Pero dejando aparte esta profunda cuestion fisio-ornitológica; de lo que no hay duda es, que el verso precedió á la prosa, y sus mas antiguos monumentos así lo atestiguan. Esto se prueba con la historia de los tiempos primitivos.
El Ejipto, cuna de la civilizacion del mundo, donde estudiaron la música Moises y Pytágoras, tuvo en su orígen cantos para todos los trabajos, calculados para reglar el movimiento de los trabajadores por médio del ritmo, pues sus habitantes como grandes observadores de la naturaleza habian descubierto ya el fenómeno fisiológico que se ha esplicado en nuestros dias, de como la música y las canciones hacen sobrellevar por mas largo tiempo la fatiga con menos cansancio del hombre. Este pueblo, que tenia sin duda el órgano de la simetría, y que sujetaba al ritmo hasta los trabajos de campo, las ceremonias religiosas y las revoluciones de los astros, no puede haber hablado en sus primeros tiempos otro lenguaje que el métrico; y aunque ni los Árabes ni los Griegos hagan mencion de sus poetas, esto no prueba que su modo de hablar dejase de ser cadencioso, como el de todos los pueblos primitivos pues de esto á lo que propiamente se llama poesía hay una gran distancia.

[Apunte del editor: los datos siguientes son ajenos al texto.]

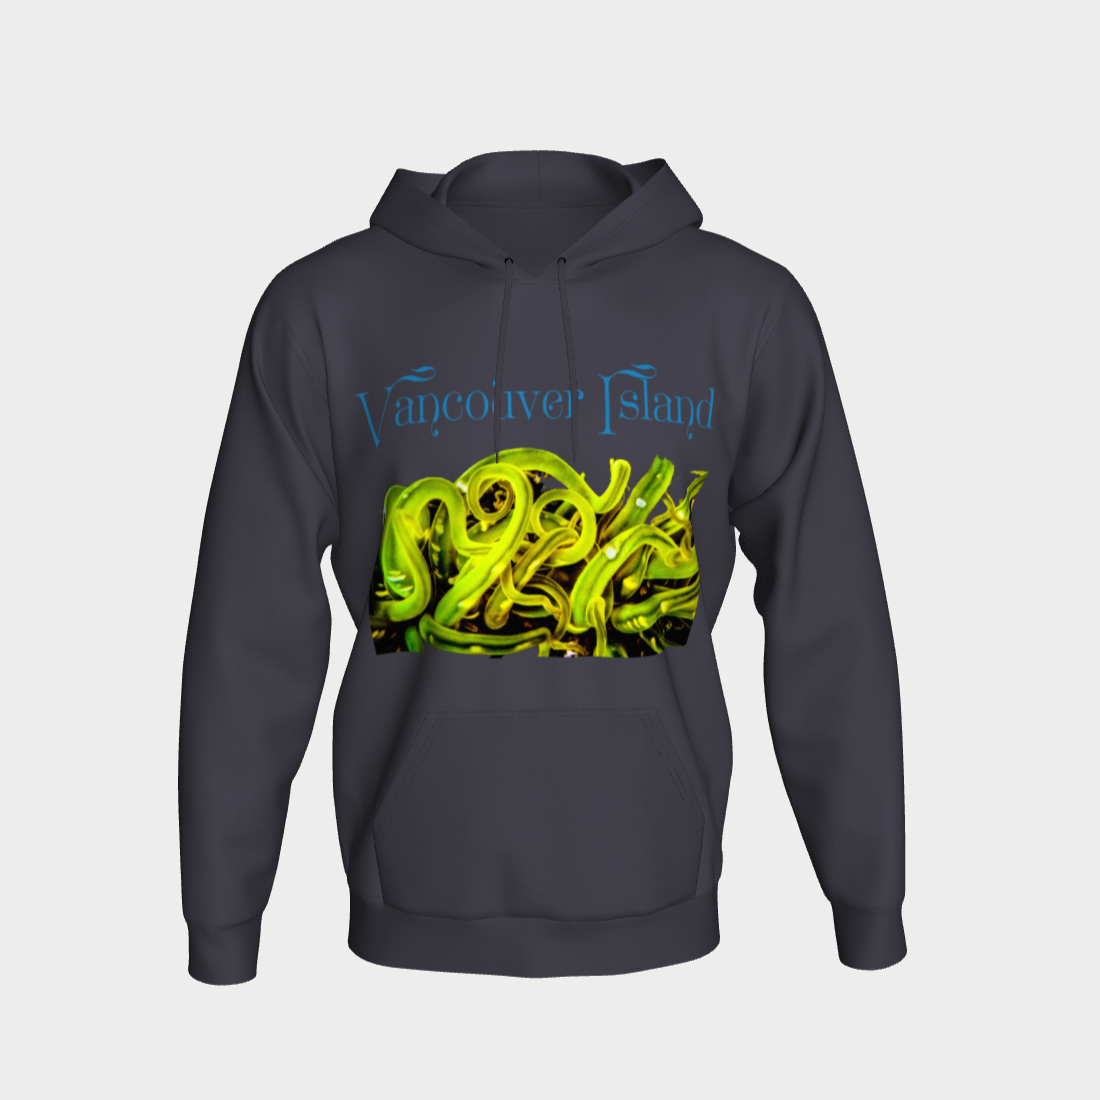 Sea Anemone Vancouver Island (Blue) Unisex Pullover Hoodie Your Van Isle Goddess unisex pullover hoodie is a great classic hoodie!  Created with state of the art tri-tex material which is a non-shrink poly middle encased in two layers of ultra soft cotton face and lining.

Los primeros civilizadores de la Grecia fueron músicos y poetas. Los sacerdotes, los sábios los médicos los filósofos y los matemáticos, fueron los primeros poetas griegos.
Anfion, por el poder irresistible de las armonías de su lira, segun cuenta la fábula, puso en movimiento las piedras y levantó los muros de la ciudad de Tebas.
Orfeo, que hizo parte de la espedicion de los Argonautas, cuyo viage es tan cierto como el de Colon, domesticó á las fieras con los blandos sonidos de su lira, segun cuenta la misma fábula. Aun cuando pueda ponerse en duda este milagro y el de Anfion, ahí están sus Himnos de Iniciacion para comprobar que antes de que hubiese prosa hubo un poeta. Ahí están para mayor abundamiento los mitos y las poesías Índicas, anteriores á las leyendas y á los himnos de Orfeo.
Homero y Hesiodo, su contemporáneo, que ennoblecieron el dialecto jónico, reasumieron en sus poemas toda la civilizacion de un mundo, concretaron todo un ciclo histórico, y ensanchando los límites del corazon y de la intelijencia, pusieron al hombre en relacion con todos los objetos de la naturaleza de que estaba rodeado.
Solo ochocientos años despues de Orfeo, y cuatrocientos años despues de Homero y Hesiodo, apareció por primera vez la prosa en Grecia, en el año 600 (antes de J. C.) Segun algunos eruditos, el honor de esta invencion corresponde á un indio llamado Bidpai; segun otros, á un esclavo frigio llamado Lokman, que no falta quien diga que es el mismo Esopo. Plinio sostiene que la gloria de la prosa corresponde al filósofo Pherecydes, y á Cadmo de Mileto la de la historia. Otros piensan con Strabon que deba darse la prioridad á Cadmo. Ambas opiniones encontradas convienen empero en un punto, y es, que tanto la prosa de Cadmo como la de Pherecydes, su contemporáneo, eran todavia una imitacion del lenguaje poético, consistiendo toda su innovacion en romper la medida del verso.